In chapter eight, I return to the central question of the thesis: how do privileged Mexican migrants account for their political activation from abroad? I argue that a focus on emotion, affect and cosmopolitanism opens a window onto how migrants themselves understood and articulated their own experiences. I argue that a focus on the interview narratives of my participants throughout this account allowed the importance of emotion (and the sense of it rising from within)

37

to become ethnographically visible. It also brought into view the multiple forms of cosmopolitanism which were being practiced at any one time. Ultimately, I highlight the importance of affect, emotion and cosmopolitanism within migrant narratives, and emphasise their cultural coherence within a historicised milieu of processes of social change within Mexico. As such, migrant narratives take on a particular coherency when relating instances of emotion rising uncontrollably from within to experiences of politicisation and long-distance activism.

38

Chapter Two:

The Field

2.1 Introduction:

This chapter will describe my field experience. I begin by introducing the collectives with which I worked in Barcelona. In the text-boxes provided I describe the main aims of each group and give an account of how they were founded. In the main text, I explain why so many activist groups existed when so few Mexicans in the city participated politically with Mexico. I also give an idea of the similarities and differences between their approaches to political protest. I then proceed to describe the complexities of negotiating the anonymity of my participants in this account. I describe the kind of data I was able to gather in the field, and explain why I have chosen to build this account around my interview data. I discuss the potential of my interviews to create spaces for the emotional narration of activists’ experiences and offer some thoughts on why that was so.

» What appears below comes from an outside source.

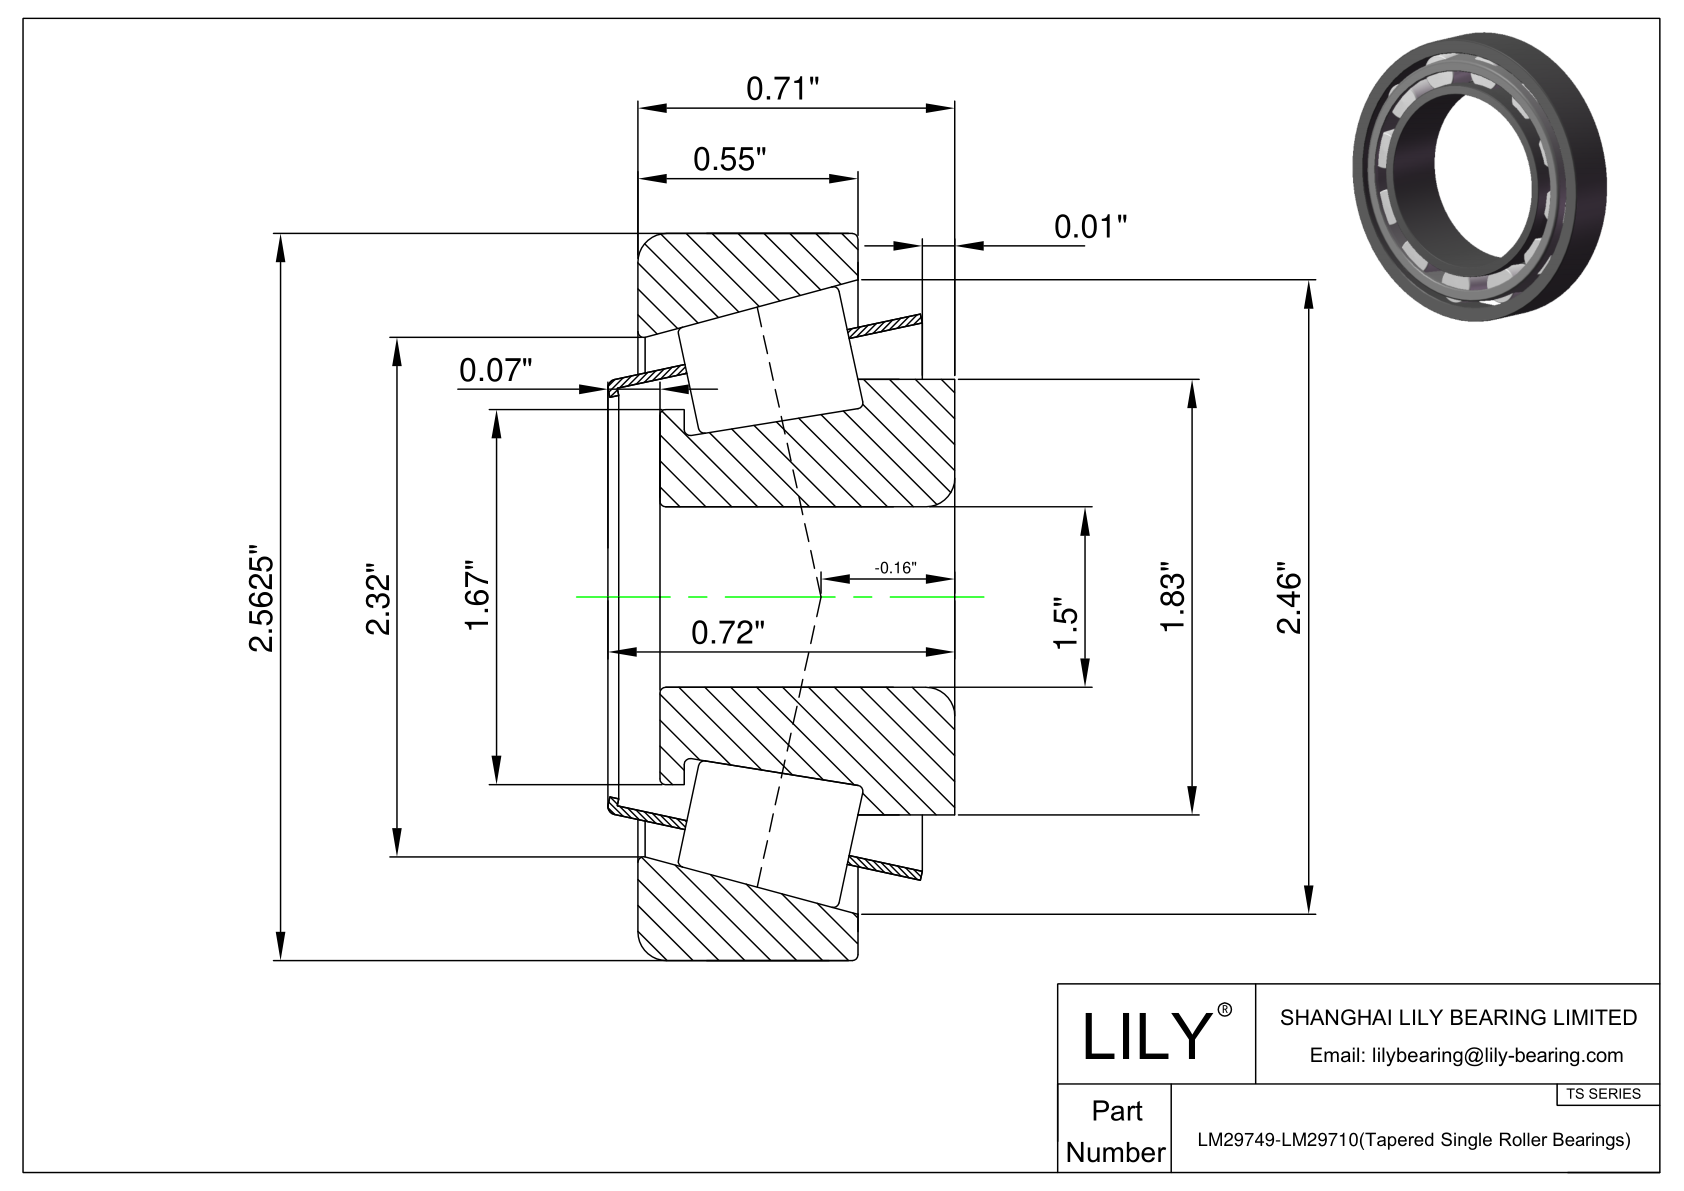 LM29749-LM29710 TS系列(圆锥单滚子轴承)(英制) CAD图形

I reflect upon the difficulties I experienced in distancing myself from the political anxieties of my participants, as well as from the topics of their activism. I describe the analytic process I went through after leaving the field in order to be able to ‘see’ my data from an ethnographic, rather than activist, perspective. I also describe the guilt I felt when attempting to do so and how I tried to overcome it. Finally, I reflect upon how I experienced the field as a site through which to overcome my prejudices about studying ‘elite’ groups. I discuss the impact this has had upon the way I view

39

the approach taken towards the study of elites within anthropology, and give some thoughts on how this could be conceptualised alternatively.